Throughout the first day of the winter solstice, the streets of Kansas City glazed over with ice and various events around town were canceled. While much of Westport and surrounding areas were relatively desolate, a healthy-sized crowd gathered at the recordBar to pay tribute to the music, the work, and the life of Abigail Henderson.
 
It’s one thing to cover the music of a musician whose work you respect. It’s another thing to cover the music of a musician you know personally whose work you respect. It’s yet another thing to cover the music of a musician whose work and life was esteemed by every person in the room, from those who knew her best to others who had possibly not even met her. Though this was quite the challenge for each musician who took the stage, each one honored Henderson’s music in his or her own way.
 
 
The audience was somewhat subdued when The Clementines stepped up to the stage, perhaps fully beginning to grasp the fact that they would be hearing these songs live for the first time since Henderson’s passing. But as soon as the first note of “Gods, Guns, and Glory” (an early Gaslights tune) kicked in, a collective smile swept over the room. Throughout the band’s five-song set, Nicole Springer captured everyone’s attention with a vocal inflection and country twang very akin to Henderson’s.
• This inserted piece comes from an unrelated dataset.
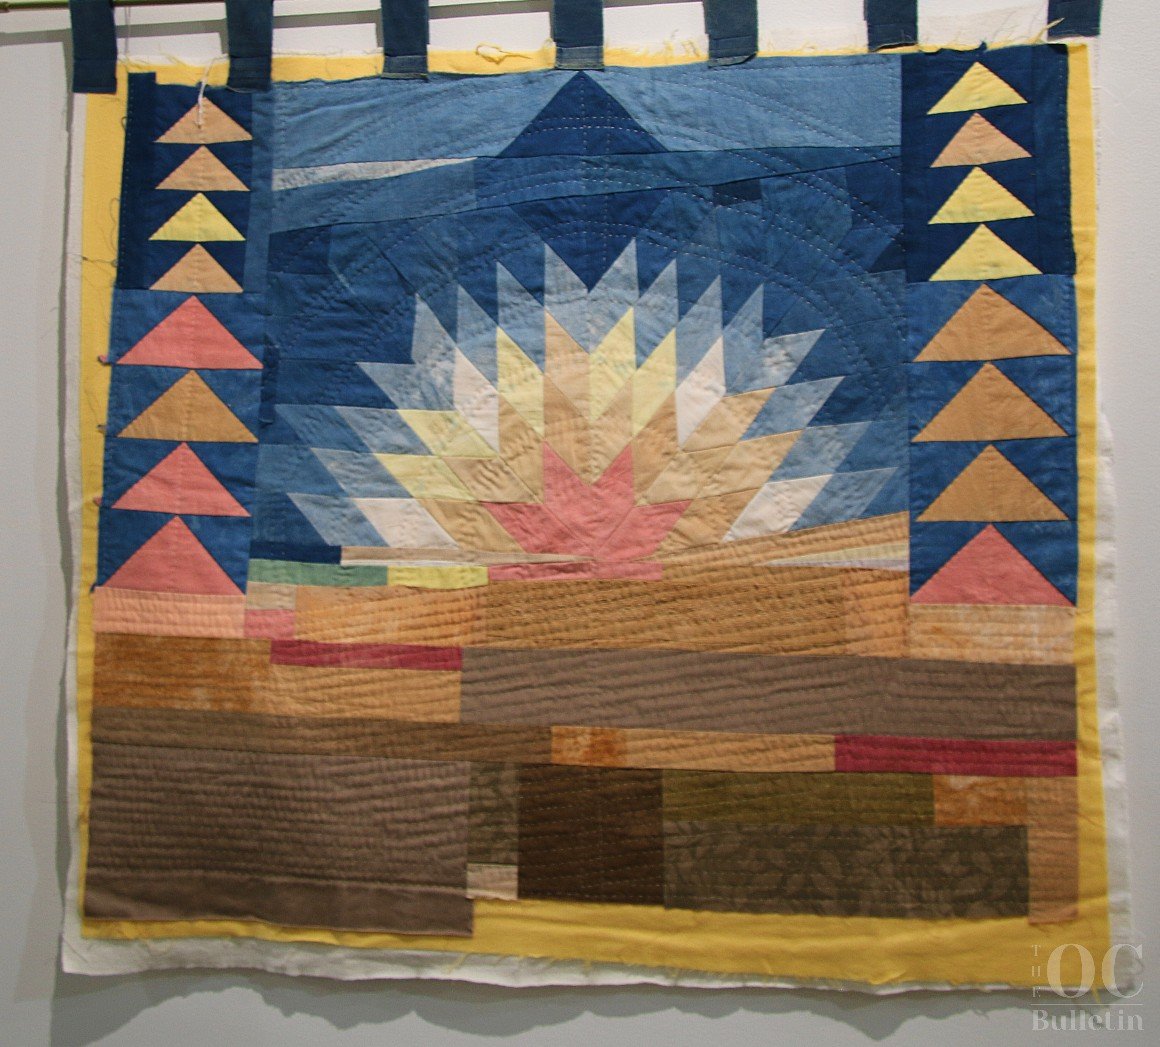  “Fulcrum,” a quilt made from salvaged and hand-dyed fabrics by Amanda Wagstaff. (Photo Credit: Andra Landi) 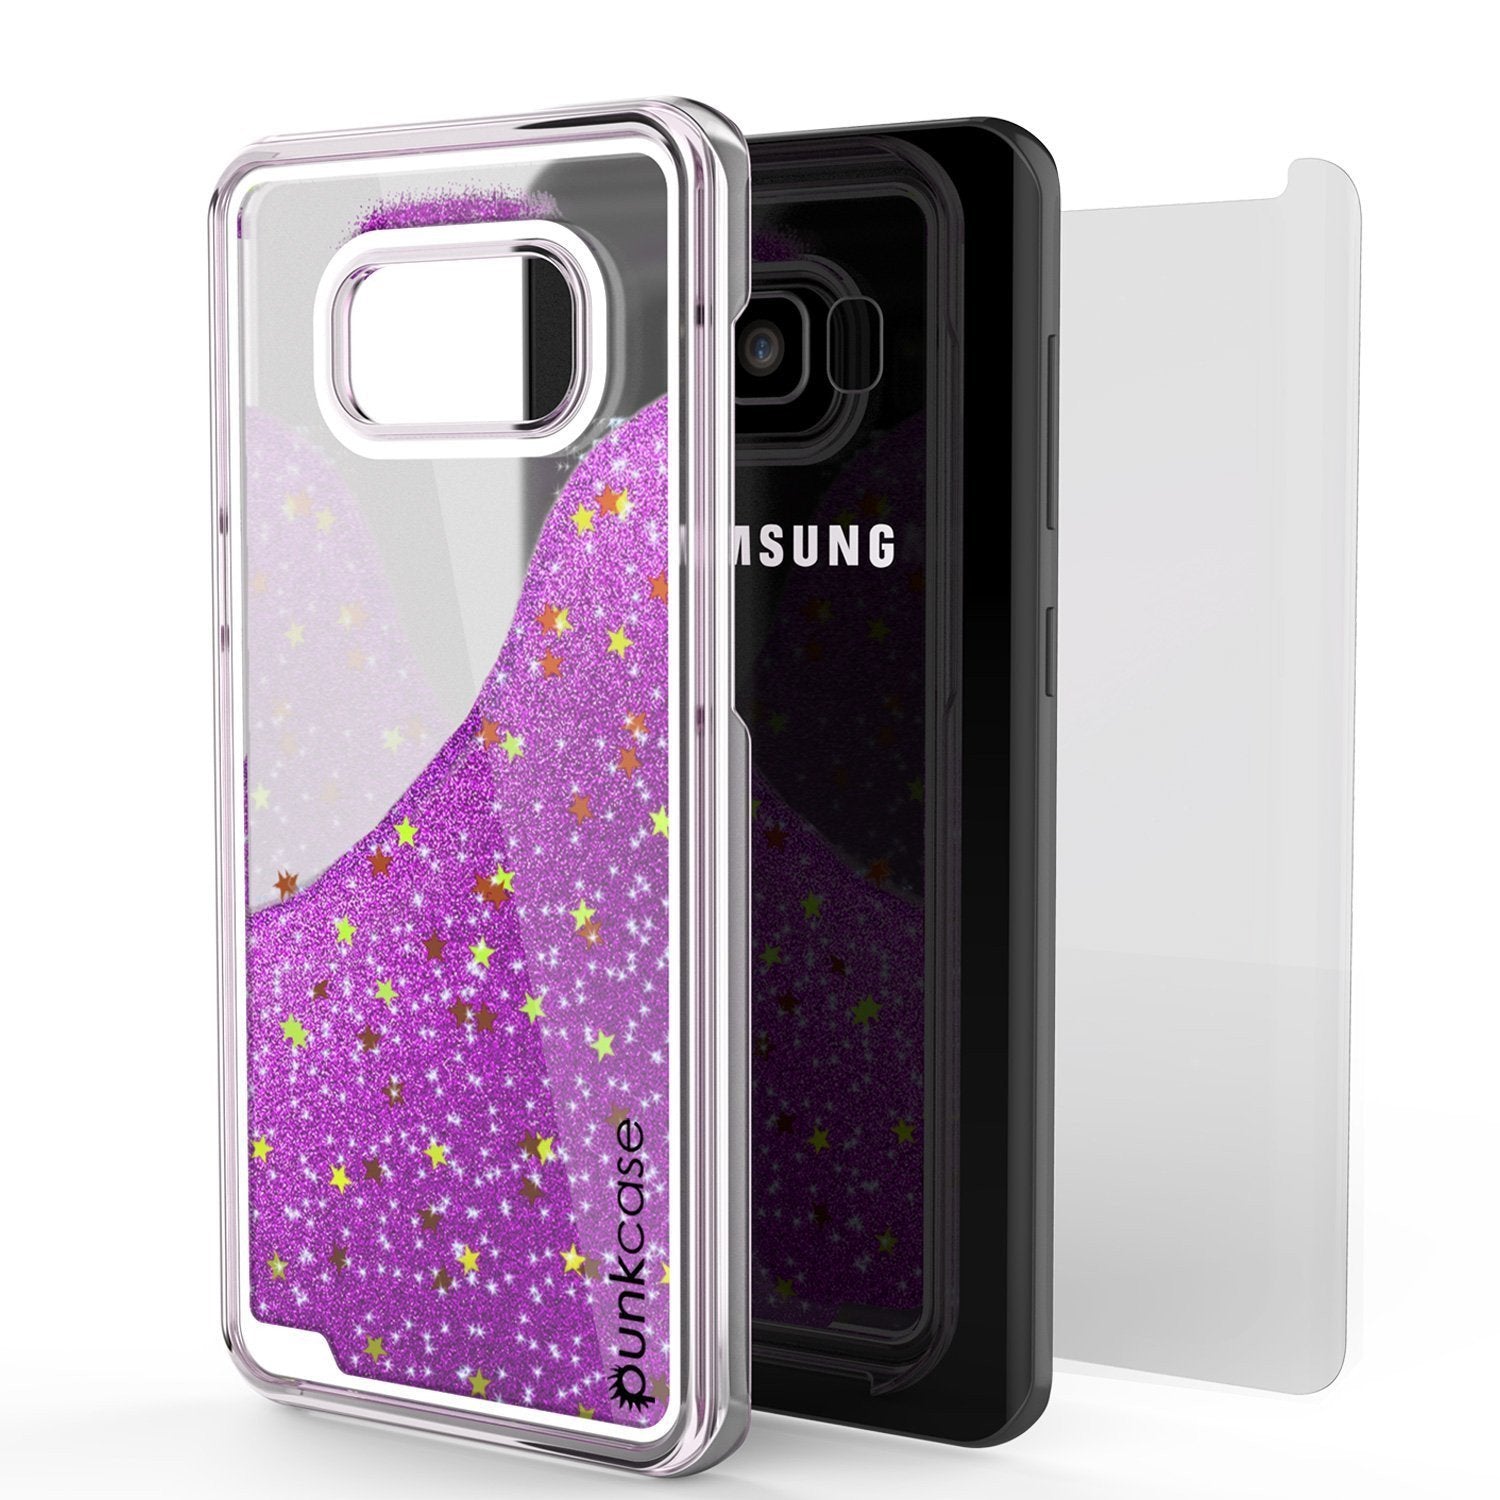 Galaxy S8 Case, Punkcase Liquid Purple Series Protective Dual Layer Floating Glitter Cover - PunkCase NZ

Her charismatic control over Tiny Horse’s “Ghost” and confident command over “Last Dollar” (The Gaslights) was reminiscent of Henderson’s range.
 
 
Katie Gilchrist picked up right where Springer left off, evoking the late singer’s grit and tenacious attitude with “15 Hands” (The Gaslights). Vi Tran Band interpreted some of these songs in a different way, with slightly different arrangements to highlight Gilchrist’s voice or to emphasize the weight of the words Henderson wrote—for instance, the band performed acoustic versions of “One Trick Pony” (Tran on lead vocals) and closed out the set with “Galveston” (Gilchrist on lead vocals). On Atlantic Fadeout’s “Better Run of Bad Luck,” Gilchrist channeled the brazenness of her friend, providing one of the many musical highlights of the evening.
 
 
Where the previous two frontwomen amazingly called upon Henderson’s voice with their similar vocal deliveries, the remaining acts put a different spin on the music. Power trio Not A Planet injected its own melodic, punctuated rock ‘n roll style into songs of a more country/Americana nature. Nathan Corsi proved that his own vocal pipes could stand up to the fiery deliveries of Springer and Gilchrist through Gaslights’ tunes like “Red Dirt” and “Wicked Love.” The band reinterpreted Tiny Horse’s “Ride” with a boldness that emphasized the story of the song and a delicateness that honored the song’s memory.
 
Next up was The Oil Lamps, a supergroup of Henderson's friends and former bandmates with featured guests. The main band included the event's co-founder Bill Sundahl, Mike Alexander, John Velghe, and Mike Meyers. Howard Iceberg appeared on guest vocals for "Lines and Wires," (The Gaslights) delivering his own punk rock resolve to the tune. Amy Farrand, who was the drummer for Atlantic Fadeout, stepped into the forefront to sing the band’s tunes “Blood and Bone” and “Break Your Heart.”

 
 
 
But one of the most compelling performances of the night was the band's performance of "On the Market," featuring Steve Tulipana on vocals. This was a Gaslights tune that Henderson sang in a quieter, more melancholy register than most of the band's work, perhaps more reminiscent of her vocal work in Tiny Horse. Tulipana turned this into a heart-clenching tribute, channeling the intensity of Tom Waits and Joe Cocker, each word calculated and phrased to drop like an atom bomb. 
 
Finally, Sister Mary Rotten Crotch (pictured above) took the stage, a perfect choice to end a cathartic evening. The tears that had been shed throughout the night ceased when Liz Spillman Nord started spitting lyrics from old Gaslights’ tunes. Her fierce punk vocals turned up to eleven put a completely different spin on Henderson’s music, but kept in step with the late singer’s intrepid spirit. By the end of the evening, the tight-knit crowd was at the edge of the stage pumping fists and singing along with the band on tunes like “Sundays and Interstates” and “Old Blue Love.” The night ended on a high, celebratory note, preserving the memory and honor of an individual that helped bring the Kansas City music community closer.
 
—Michelle Bacon

Michelle is editor of The Deli Magazine - Kansas City, and also plays drums Drew Black & Dirty Electric and bass in Dolls on Fire and The Philistines. #shinealight #voteformmf 
 
 
Saturday’s show also kicked off the beginning of the voting period for Boulevard Brewing Company’s 10% of KC campaign. The campaign continues through December 31 and includes three area charities—one being Midwest Music Foundation. Visit www.voteformmf.com to vote for one of the charities, once per day, per IP address.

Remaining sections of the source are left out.